Afnan Al-Shuaiby (أفنان الشعيبي ‘Āfnān ash-Shu‘ībī) is a Saudi national who is the former Secretary General and Chief Executive of the Arab British Chamber of Commerce (ABCC) in London, England. She has held various positions in Saudi Arabia in education, and foreign companies in the USA. She sits on the boards of many organizations.

== Early life ==

Al-Shuaiby spent much of her early childhood in England. She completed her undergraduate education in Riyadh before moving to the United States to pursue her postgraduate education.

== Education ==

Al-Shuaiby was educated at King Saud University, graduating with a degree in English literature. She completed a Master of Arts in Educational Administration at the American University in Washington, D.C. She holds a PhD from George Washington University in Leadership Administration. Al-Shuaiby holds a certificate in Peace and Conflict Resolution from the School of International Service, American University Washington, D.C., and Executive Education from the Harvard Kennedy School.

== Professional career ==

In 2007, Al-Shuaiby was appointed Secretary-General and Chief Executive of the Arab British Chamber of Commerce. Dr. Al-Shuaiby worked as Advisor to the President of the US-Saudi Arabian Business Council in Washington, D.C. and is a member of the Board of Directors of the London-based Arab International Women’s Forum (AIWF). Al-Shuaiby is a public speaker, who has delivered speeches events, forums, and conferences on a range of issues, particularly the empowerment of women, women in business, and trade and investment. She contributes a monthly article to Hia Magazine.

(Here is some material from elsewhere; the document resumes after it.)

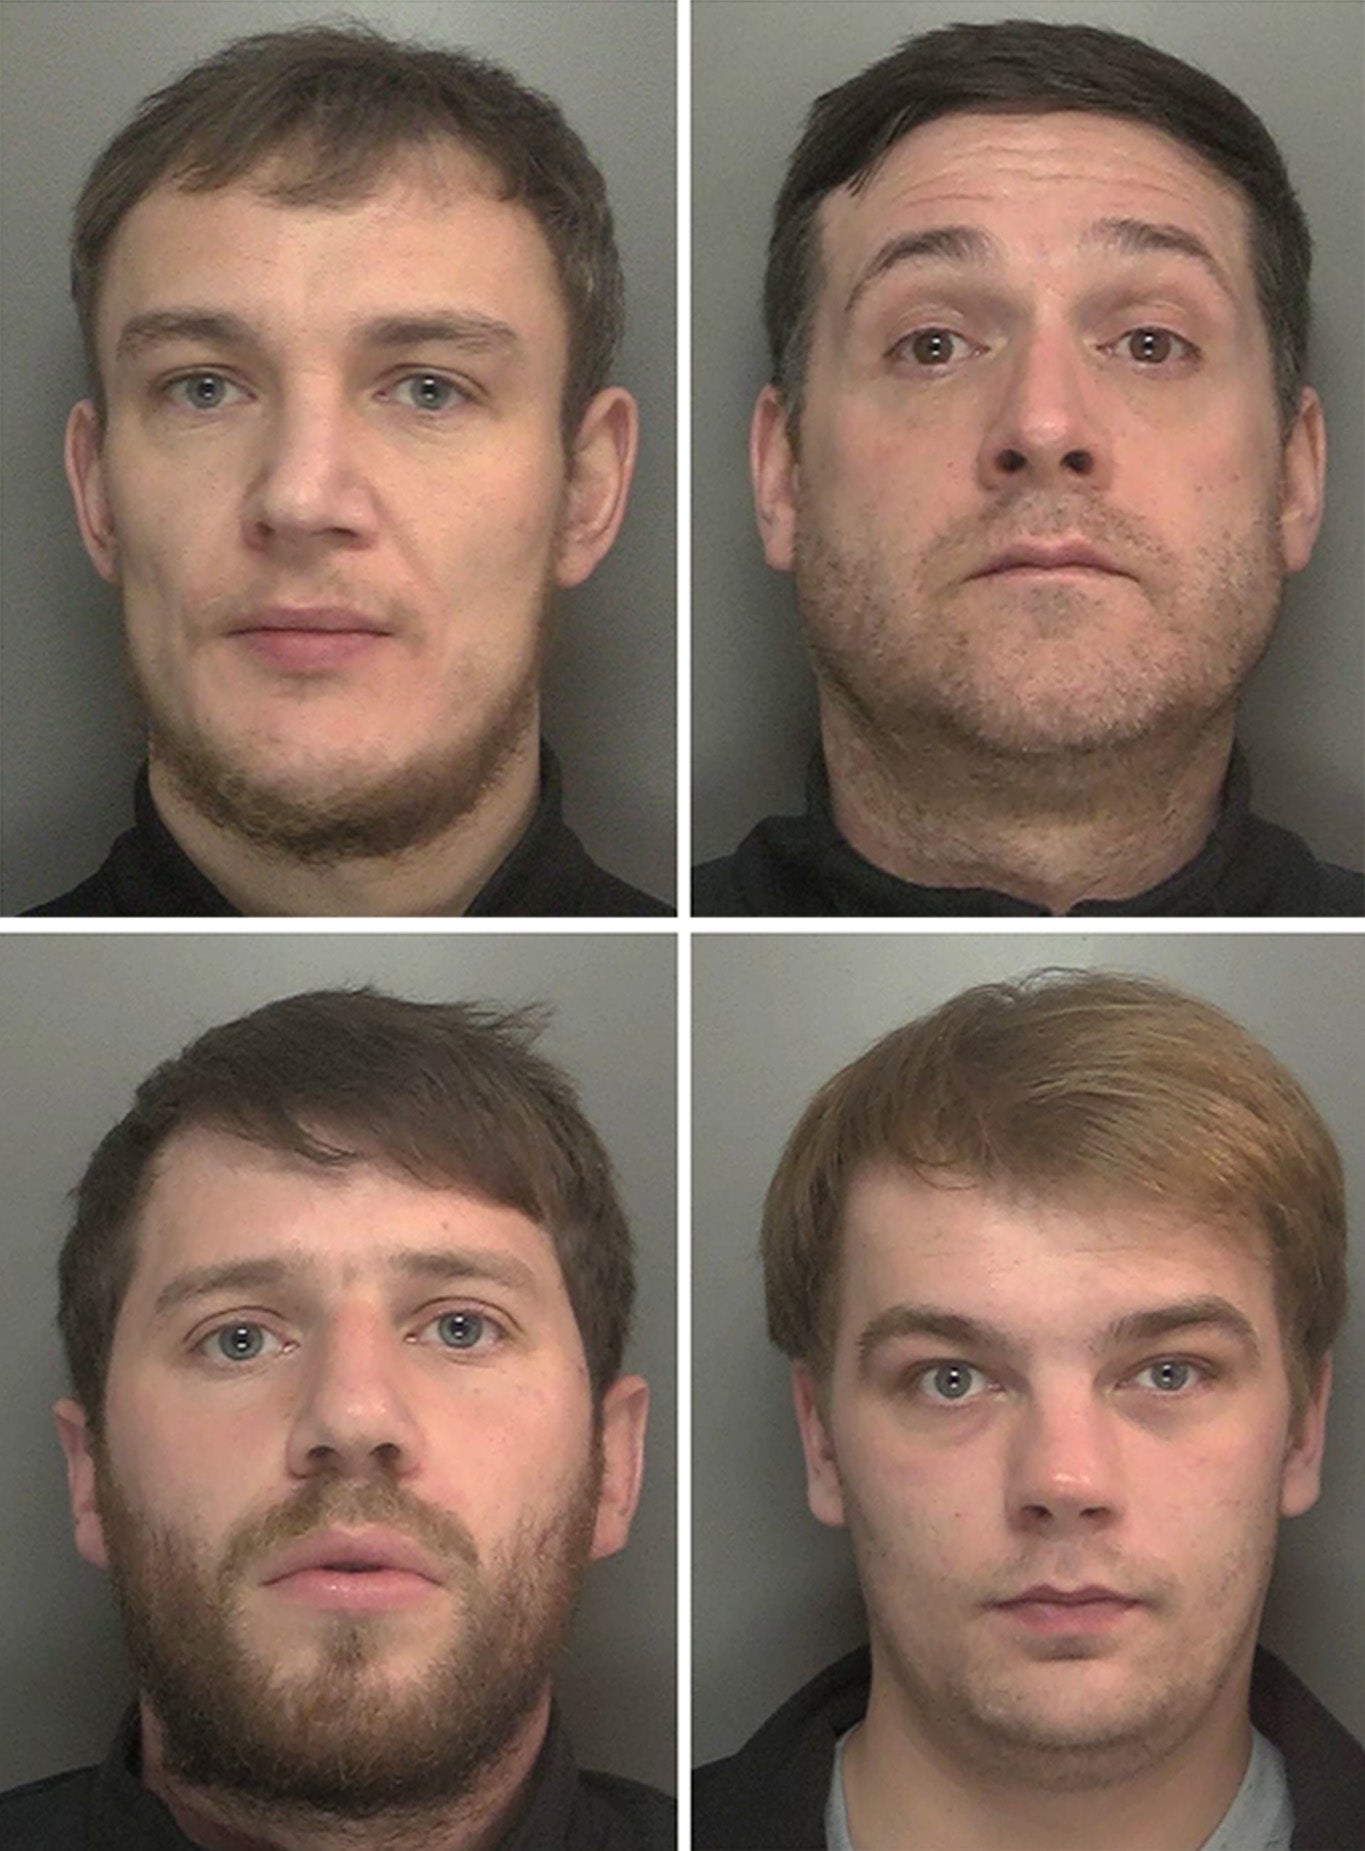 Clockwise from top left: Joseph Peers, James Witham, Niall Barry and Sean Zeisz, who have been jailed for Ms Dale’s murder
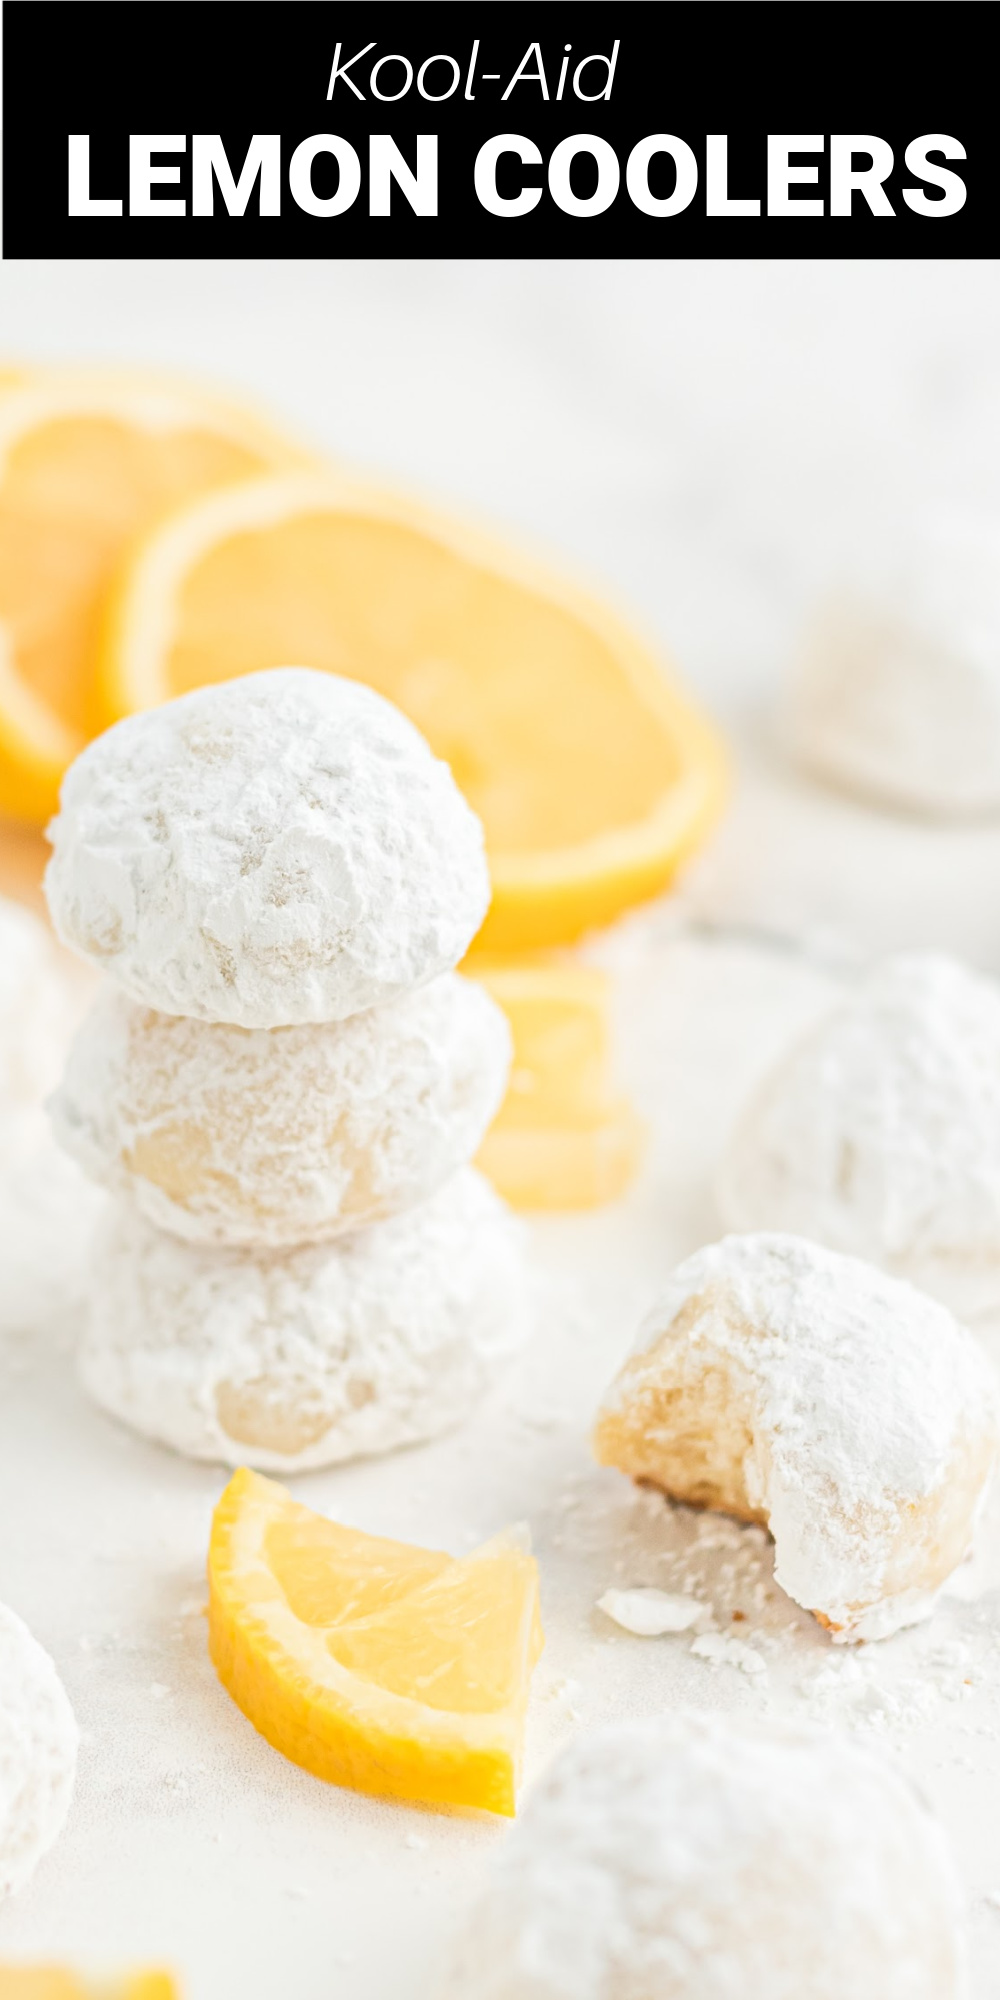 These Lemon Coolers are delightful lemon-flavored cookies that are small, round, and covered with powdered sugar. They are perfectly bite-sized which are great for a snack, tea party, or special treat. Try them this summer for a fresh and zesty cookie the whole family will love!

In 2019 she was appointed Director General of International Relations at the Saudi Ministry of Culture.

== Recognition and awards ==

Dr Al-Shuaiby was nominated for the Business Services Award Category in 2009, and she was named "Diplomat of the Year" for the Middle East in 2011 in recognition of her achievements as a foreign diplomat in London by Diplomat Magazine. In the same year, Dr. Al-Shuaiby was the recipient of the World of Difference 100 Award 2011 from The International Alliance for Women (TIAW). Dr Al-Shuaiby topped the list
of the 30 most powerful women in Saudi Arabia in 2014 as reported by the Arabian Business website.